2024: A Year in Review – part 1

As we enter the new year it’s always a good time to reflect on the past twelve months as well as to look forward to what 2025 may bring. For me, 2024 has been a busy year. I remember many years ago an ‘old boy’ telling me that when you reach the age of sixty, life is downhill all the way. I was in my thirties at the time and so believed him. I’m now in my early seventies and I can’t say that I agree with his pessimism. Funnily enough, he lived well into his nineties and, for most of that time, enjoyed rude health so he proved himself wrong too! The only way to tackle ageing, I’ve decided, is to embrace its positive aspects – no mortgage, wisdom (ha-ha!) and more time to do the things that matter to you. Of course, good health is important and maintaining balance and staying active helps no end. One of the reasons why I’ve not retired completely.

John Shortland, summer 2024

Tewkesbury, a town in Gloucestershire on the River Severn – the UK’s longest river – is just a few miles from the edge of the Cotswolds.
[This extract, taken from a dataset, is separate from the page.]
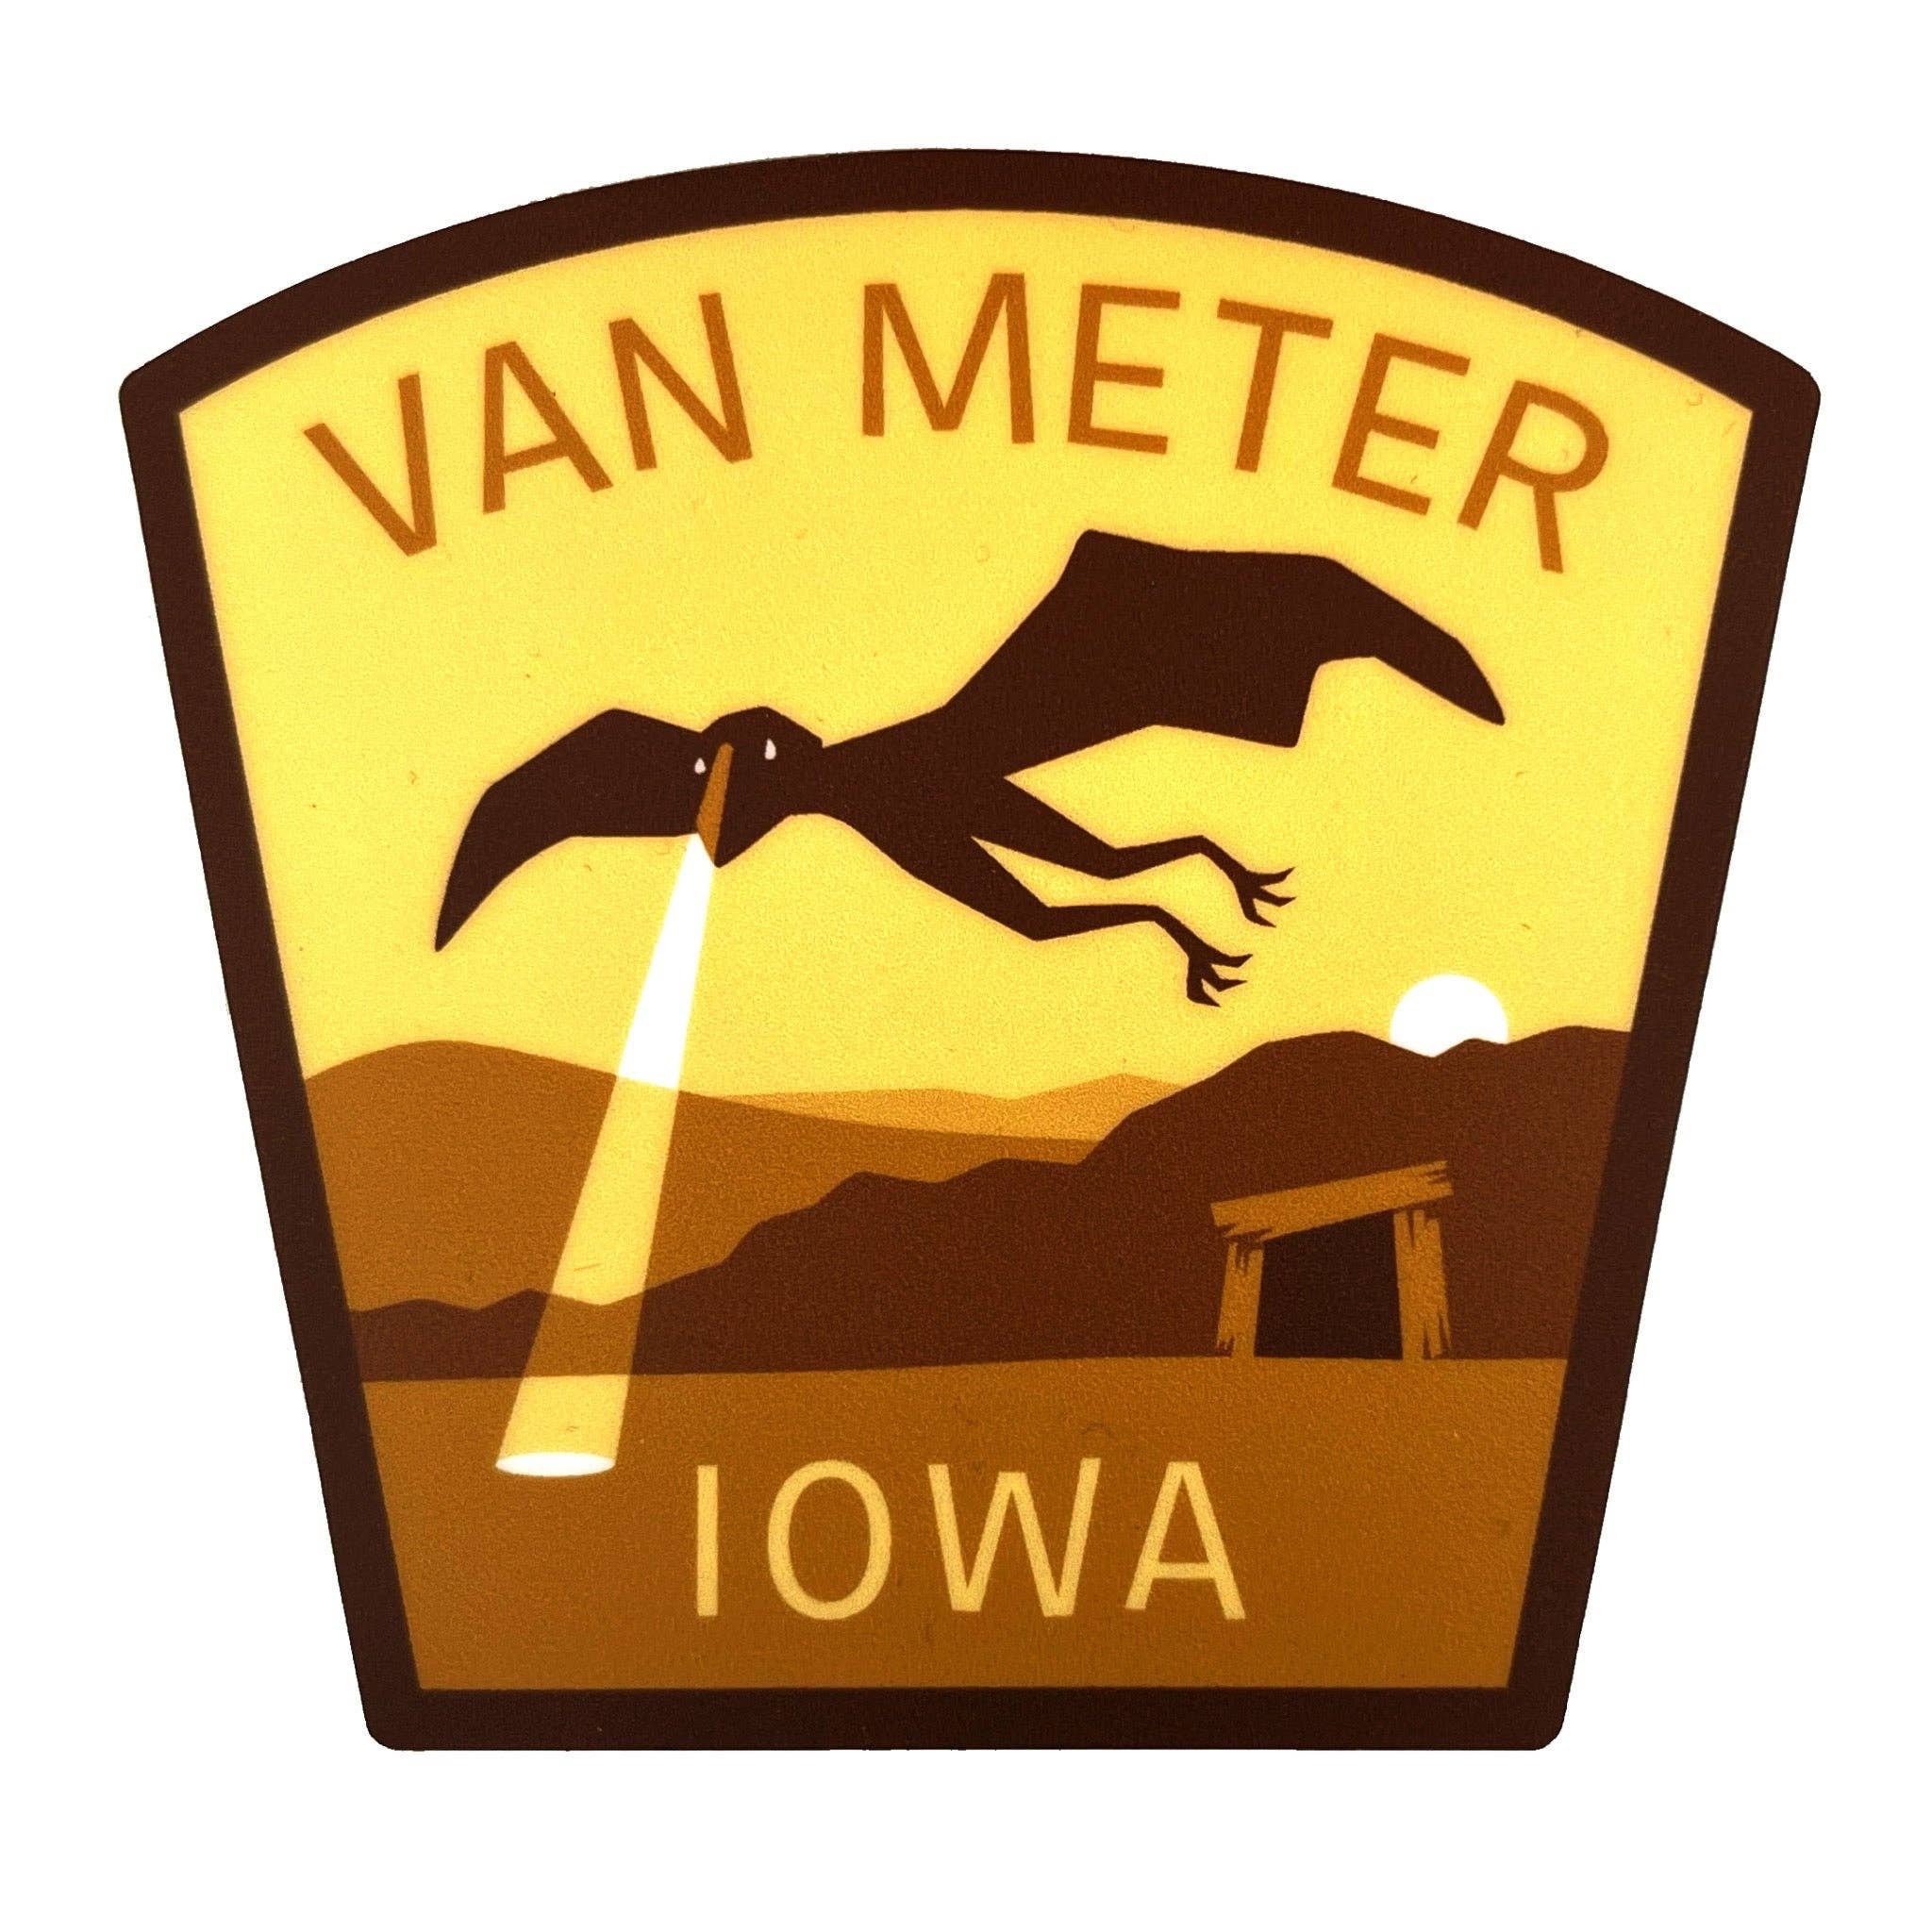 Van Meter, Iowa Travel Sticker

It’s an ancient town that I have driven through dozens of times but early in the year I made the effort to actually stop and explore its narrow streets and abbey church. I hadn’t realised that when entering the church I would be staring at a suspended globe which, when standing 211 metres away from it, is the exact size and view of Planet Earth you would see if standing on the moon. When I first saw it ‘suitable’ music was being played but it was only after that had stopped that I found the exhibit strangely moving as it rotated slowly in total silence. That’s another thing I’ve noticed as I’ve grown older – how much I enjoy silence! The church is well worth visiting for it is now almost one thousand years since it was built and is one of the finest examples of early Norman architecture in Britain. Unable to visit? Then click on the link here to see lots of photos.
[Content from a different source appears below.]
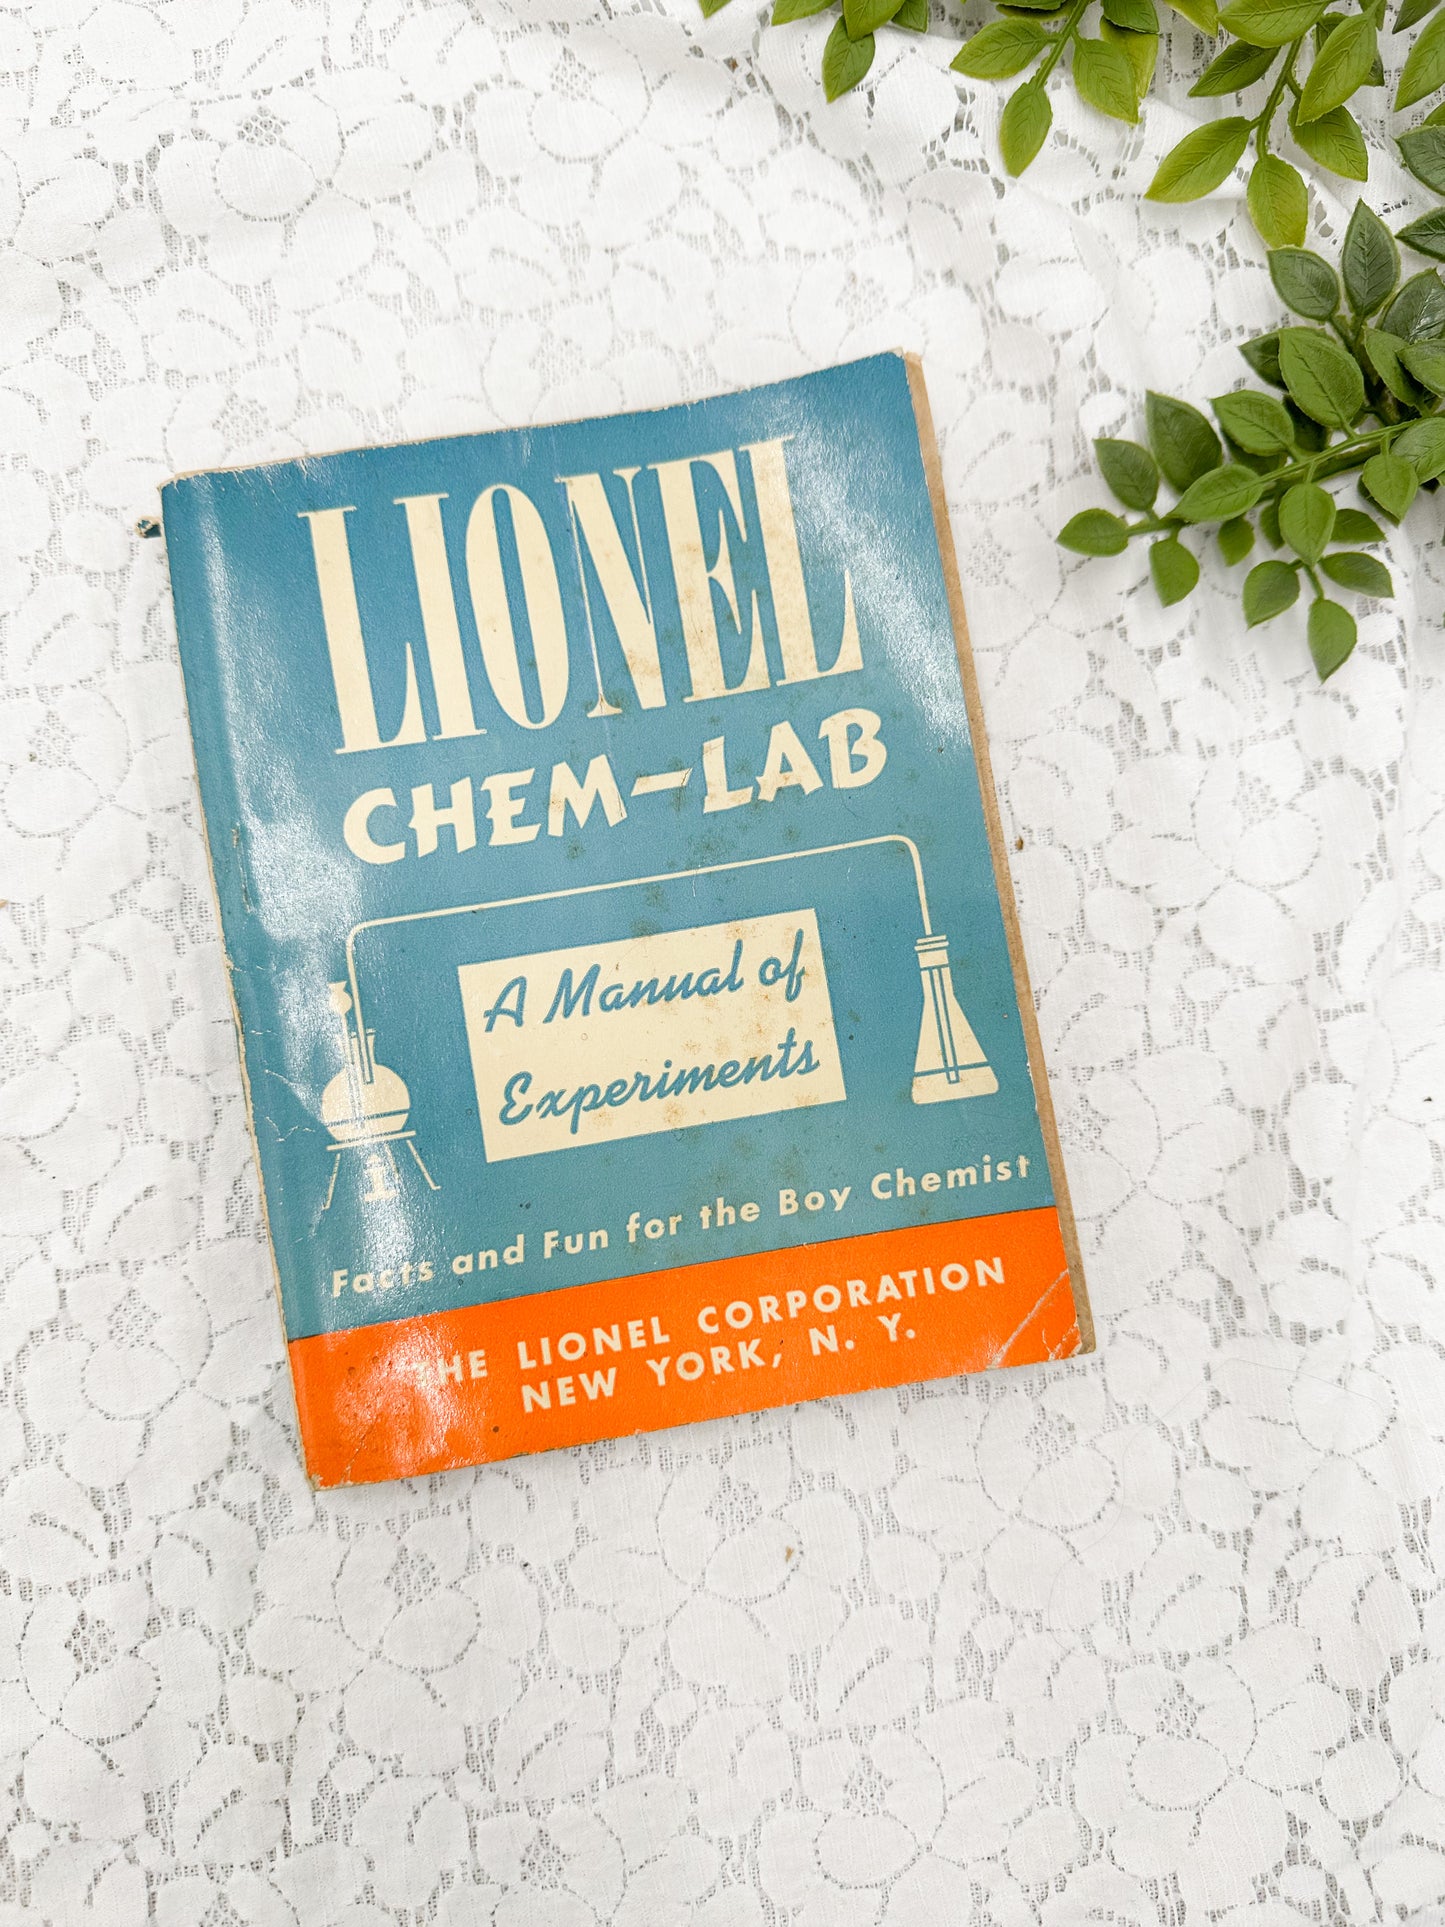 Lionel Chem Lab Book- 1942

The abbey church looms over the ancient houses and narrow streets of Tewkesbury
Planet Earth, mysteriously beautiful

In March, we travelled north to the county of Yorkshire to watch a friend take part in the oldest horse race in the country. The Kiplingcotes Derby has been run annually since 1519. Tradition sys that if it ever stops taking place it will never happen again so all through the Covid restrictions only one horse took part! For this race, the 505th, dozens of riders took part for it is a horse race like no other: no finely maintained racecourse but a series of roads, lanes, field margins and tracks, a real test of endurance for both horse and rider. Our friend, who had never raced before was taking part to raise money in support of the local hospice. She reached the finishing post in good time and raised over ten thousand pounds in memory of a close friend. The race has one other completely bizarre quirk which makes it unique in the world of horse racing – to find out what that is you’ll need to click on this link here!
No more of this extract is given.